Эти три слова таили много скрытых смыслов, но я пыталась не задумываться, что они значили на самом деле, пусть они всегда пробуждали во мне старые воспоминания. Краснощекие деревенские тетушки, что однажды приехали к нам в гости и цокали языками, любуясь моей красотой. «До чего хорошенькая, – пробормотала одна. – Такая красота свергает государства и рушит города». Она задумывала это как комплимент. Другая все хотела познакомить меня с сыном, тот был в три раза старше меня, лесоруб, как и мой отец, а лицо у него было – что твоя пупырчатая горькая тыква.

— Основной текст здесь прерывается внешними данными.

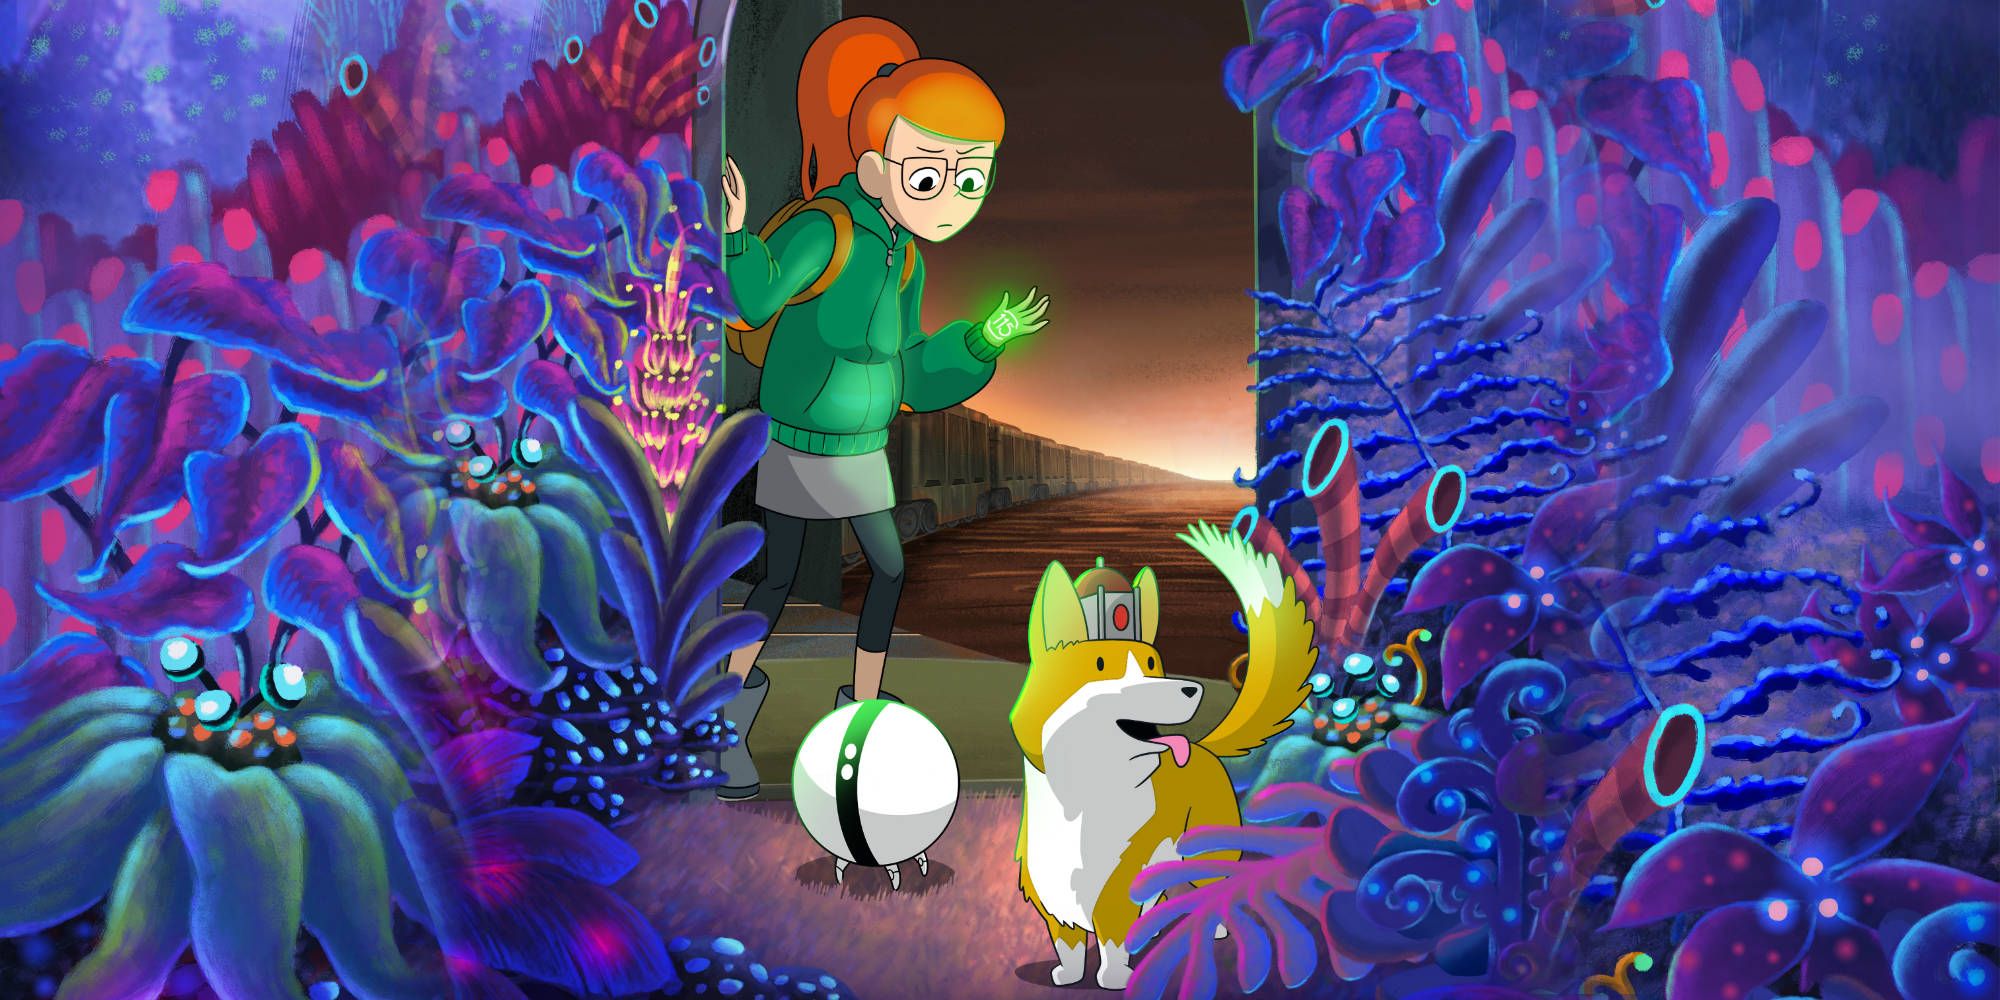 Infinity Train season 1 poster for five-night event on Cartoon Network

– Подойди, – сказала мать.
Я подошла, чтобы она обернула мою голову вуалью. Тонкие мозолистые пальцы завозились с ленточками. Днями напролет она чистила шелк-сырец, а вечерами – ржавые кастрюли. Прохладная завеса коснулась носа, губ и подбородка, укрыв меня от липкого летнего зноя. Мне, верно, нужно было радоваться, что мать так стремилась уберечь меня от посторонних глаз. Мать Чжэн Дань ее чуть ли не по улицам таскала, выставляя напоказ. И не зря старалась: уже семеро из нашей деревни обивали ее порог, принося роскошные подарки и умоляя выйти за них замуж. Чжэн Дань сама мне в этом призналась поздно вечером, с отвращением скривив губы и сжав кулаки.
– Я вернусь до темноты, – пообещала я матери, зная, что та начнет волноваться задолго до сумерек, хотя мы жили на западном краю деревни, близко к реке, и я всегда ходила на берег одной и той же дорогой.
Но бывало, девушки вроде меня пропадали. Хотя на самом деле с ними случалось кое-что похуже. Но правда звучала слишком жестоко: девушек похищали, убивали, продавали в рабство. Мужчины обменивались ими, как редкими фарфоровыми статуэтками. Теперь это случалось особенно часто, ведь в нашем краю едва затихли отголоски войны, народ стенал под гнетом княжества У, а измученных солдат осталось слишком мало, и у них находились дела поважнее мертвых девушек.
– Возвращайся как можно скорее, – сказала мать и вручила мне грубую плетеную бамбуковую корзину, доверху наполненную мотками сырца.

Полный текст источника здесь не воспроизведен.